Big Softie, six years ago Aldo Romano, then head of ST's telecoms business told that me ST paid for 300 engineers to work exclusively for Nokia. If these other supply alliances which Nokia has forged - with Broadcom, TI, Qualcomm and Intel - require the same sort of obligation, just think of the amount of buckshee engineering resource Nokia could be taking advantage of!
I'll side with "Big Softie", Nokia has just found a new deep pocket to dip into, I think we can expect some "white papers" and lots of ego building praise to flow in Intel's direction. In exchange we'll see boat loads of cash returning. Real products will be in very short supply. The joke is that in the perverse world of stocks both companies will prosper...
Meanwhile the future for mobile is being played out by QCOM and Mediatek, QCOM wants $5 royalties per phone yet MTK is selling whole multimedia cell phone chip sets for $5. What is more disturbing is that MTK has a serious competitor hot on its heals(from what I've heard, better phone, better Multimedia, better roadmap, better price) so even MTK is hurting.
Do the numbers, and you'll quickly see that Atom is a PR exercise.
Robert, I agree with you and Big Softie. Nokia's playing a clever game by getting its co-development collaborators like ST-Ericsson, TI, Qualcomm. Broadcom and, now, Intel, to do loads of free R&D for Nokia for which Nokia can give a quid pro quo - or not - as it sees fit.
I agree with Robert and Big Softie in general terms. The new deep pocket idea is not one I'd considered, but it makes sense. However we still need to set the context - new deep pockets for what?
Nokia seem to be trying to build much more value in their software capabilities - to be honest I've been watching their new strategy development for some time and it still does not quite add up to me...but I'll accept they are way smarter than I am. I can see what they are doing, but not where the new business is for them.
Intel are in a much more obvious problematic position. Their key traditional market growth drivers are going away fast, and the only market for significant growth for them is Mobile. They are desperate and have cash. So they are buying their way into the mobile silicon sales they hope.

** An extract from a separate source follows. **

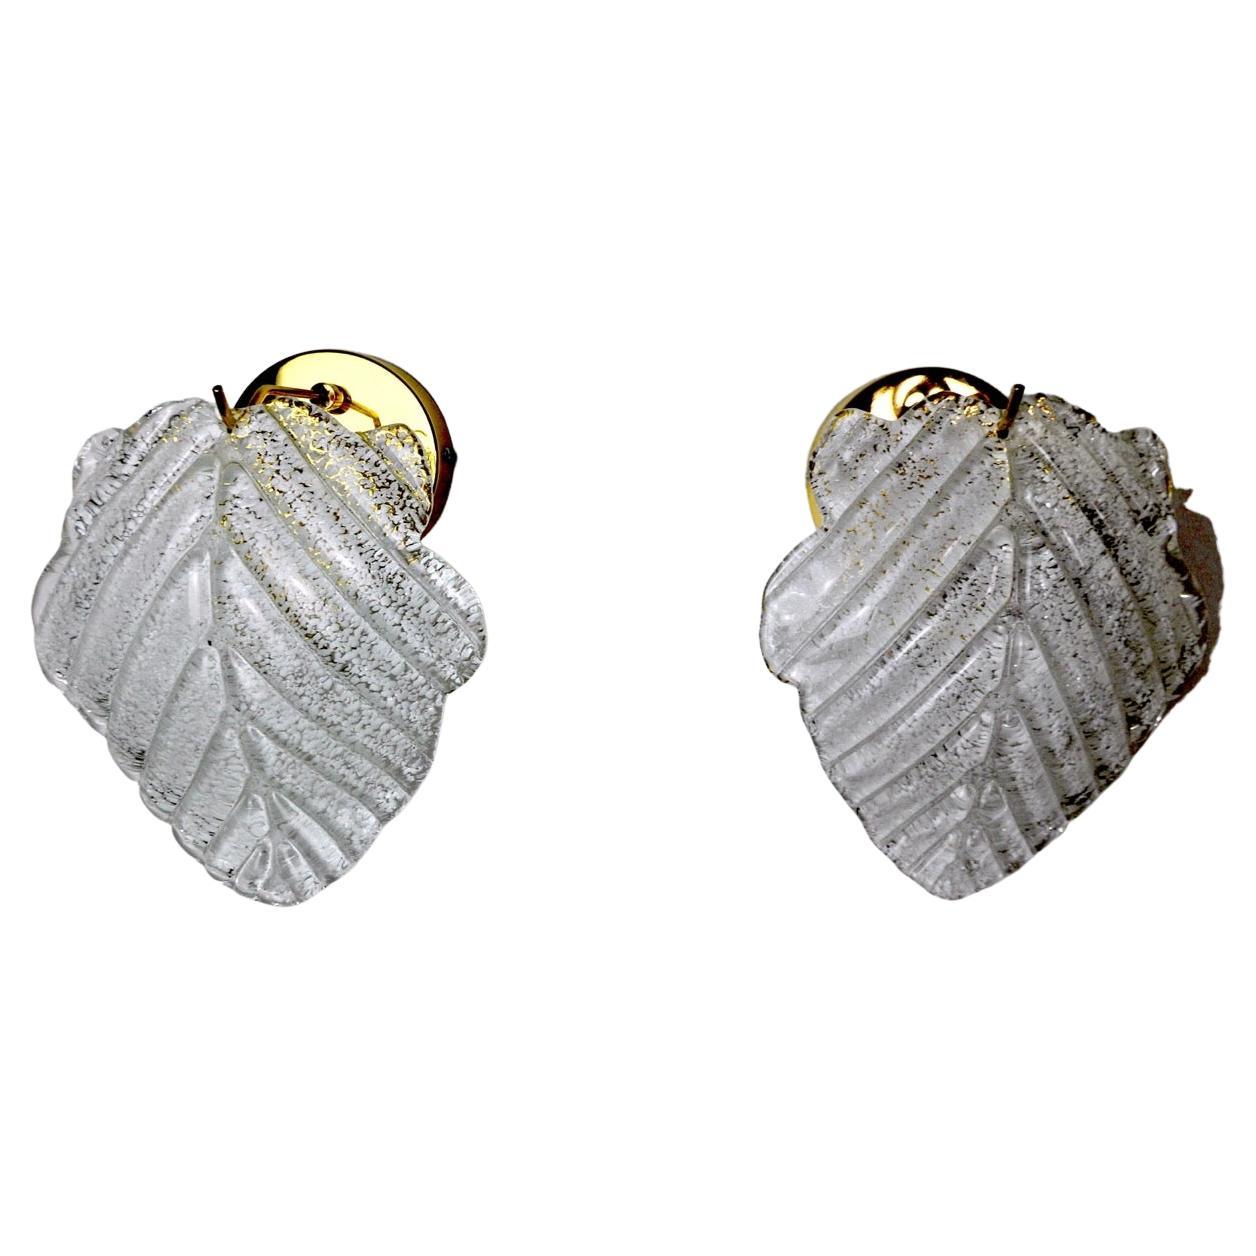 Pair of "Leaf" Sconces by Murano Mazzega Italy, 1970

So at a 10,000 foot level their seems to be strategic alignment. Except its not an equal deal. Intel has to succeed in this sort of partnership. Nokia can take it or leave it, ARM or Intel, what do they care? That puts them in a very strong position in that relationship.
The big Intel challenge as far as I can see is the same one that effectively halted their previous embedded/mobile attempts - lack of margin in the target business. They don't know how to operate in such a fiscal climate, their fat margins are inculcated throughout their organisational culture.
So to me the questions comes down to - "can Intel make Mobile a good margin business for silicon/hardware providers?" or "Can Intel develop a low margin business culture?"
Geoff, I don't think they can - that's why Atom is being off-loaded to foundry.